In the Data Janitor section, the words in the word clouds were laid out according to their frequencies. The words with the highest frequency were placed in the center, and then the words were arranged in circular fashion outward from center as their frequency reduces. While this layout makes sense, it arguably makes it more difficult to see details and contrast among ranges of word frequency. While it may be counterintuitive, a random word layout provides an alternative perspective that improves upon these issues. The two images below show the difference between a frequency-based layout and a random word layout. The first image in Figure 5 displays the center-out layout, and the second image in Figure 6 displays the words at random with 10% of the words turned 90 degrees.

Figure 5

Figure 6

By changing the logic of how the words are laid out in the word cloud, it is arguably easier to visually analyze and compare word frequencies. The layout is randomized, but the size of the word font remains categorized according to frequency. This allows the visualization to display more contrast among the words without making the visual altogether useless. Also, by turning a portion of the words 90 degrees, this creates further contrast and variation in the visual.

Figure 7

Finally, it is important to note that even when word cloud layouts are more artistic or focused on visual stylistics, statistical properties remain. Even though the shape of the word cloud in Figure 7 was designed to look like a puffy cartoon cloud, font size remains categorized according to word frequency and data scrubbing was still needed to emphasize the semantically relevant words in the text.1

Color Assignment

The colors for the images below are assigned to words systematically using the RColorBrewer package in R. This package is based on the work of Cynthia Brewer—a geography professor at Penn State University whose work focuses on cartographic design. While mapping and cartography may not seem relevant to word cloud visuals, the visual problems involving color assignments in mapping and topographic representation are relevant to many types of complex visualizations where “understanding how to manipulate the three perceptual dimensions of colour (hue, saturation and lightness) is required to create attractive and logical colour sequences” (27).

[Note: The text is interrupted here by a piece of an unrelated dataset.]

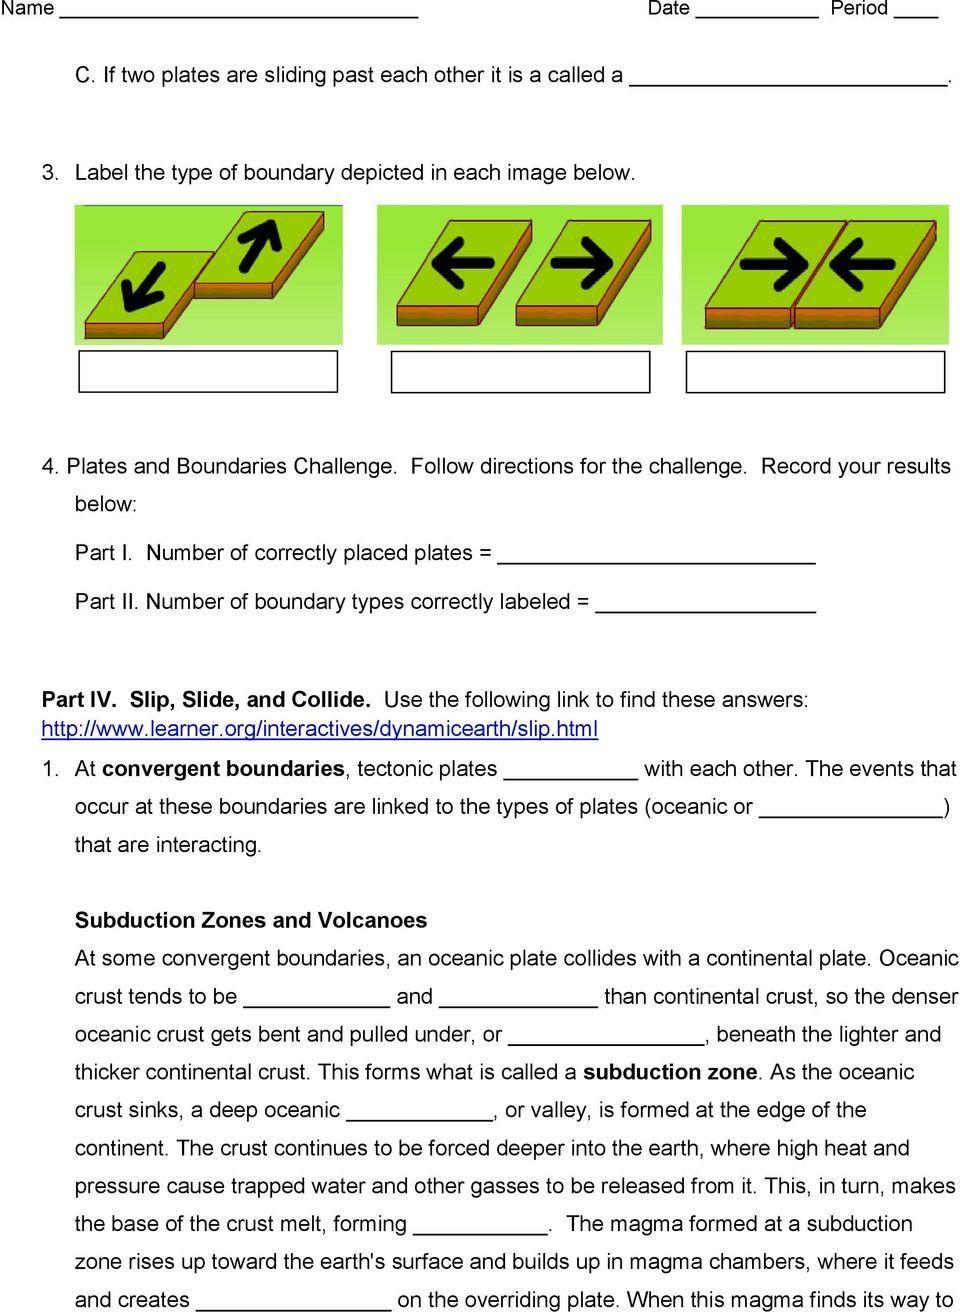 Plate Tectonics Worksheet 6th Grade Plate Tectonics Web Quest Pdf Free Download In 2020 Math Addition Worksheets 6th Grade Worksheets First Grade Math Worksheets

ColorBrewer has 35 color scheme “sets” divided into three groups: qualitative, sequential, and diverging. In their publication that explains the rationale and development of the ColorBrewer tool, Cynthia Brewer and Mark Harrower describe the three groups of color schemes as follows:


Qualitative colour schemes rely primarily on differences in hue to create a colour scheme that does not imply order, merely difference in kind. Since there is no conceptual ranking in nominal data it is inappropriate to imply order when depicting these data with colour (for example, by using a light-to-dark single-hue sequence). Qualitative schemes work best when hue is varied and saturation and lightness are kept or nearly constant. We do not recommend arbitrarily using strong ‘neon’ colours (i.e. high saturation) and pastel colours (i.e. light and low saturation) in the same qualitative colour scheme because these variations in saturation might imply order.


Sequential colour schemes imply order and are suited to representing data that ranges from low-to-high values either on an ordinal scale (e.g. cold, warm, hot) or on a numerical scale (e.g. age classes of 0–9, 10–19, 20–29, etc.). Lightness steps dominate the look of these schemes, usually with light colours for low data values and dark colours for high values. ‘Dark equals more’ is a standard cartographic convention. Sequential schemes can be either single hue (e.g. same blue, with different lightness and saturation levels) or multi-hued (e.g. light yellow through dark green). ColorBrewer includes 12 multi-hued sequential schemes and 6 single-hued schemes.


Diverging colour schemes should be used when a critical data class or break point needs to be emphasized. The break or class in the middle of the sequence is emphasized by a hue and lightness change and should represent a critical value in the data such as the mean, median or zero. For example, a choropleth map of poverty rates might be designed to emphasize the national rate (midway through the range of rates shown on the map) so that places above and below the national rate are shown with different hues and thus have similar visual emphasis. Diverging schemes are always multi-hue sequences and, because of the way in which lightness is varied, do not make good black and white photocopies or prints (which only capture differences in lightness).

The diverging color scheme is easily determined as not relevant to word clouds since it focuses on the “break” or “middle” range of the data, and word clouds are meant to emphasize the most frequent words. Therefore the remaining word clouds below consider and compare the qualitative and sequential color schemes.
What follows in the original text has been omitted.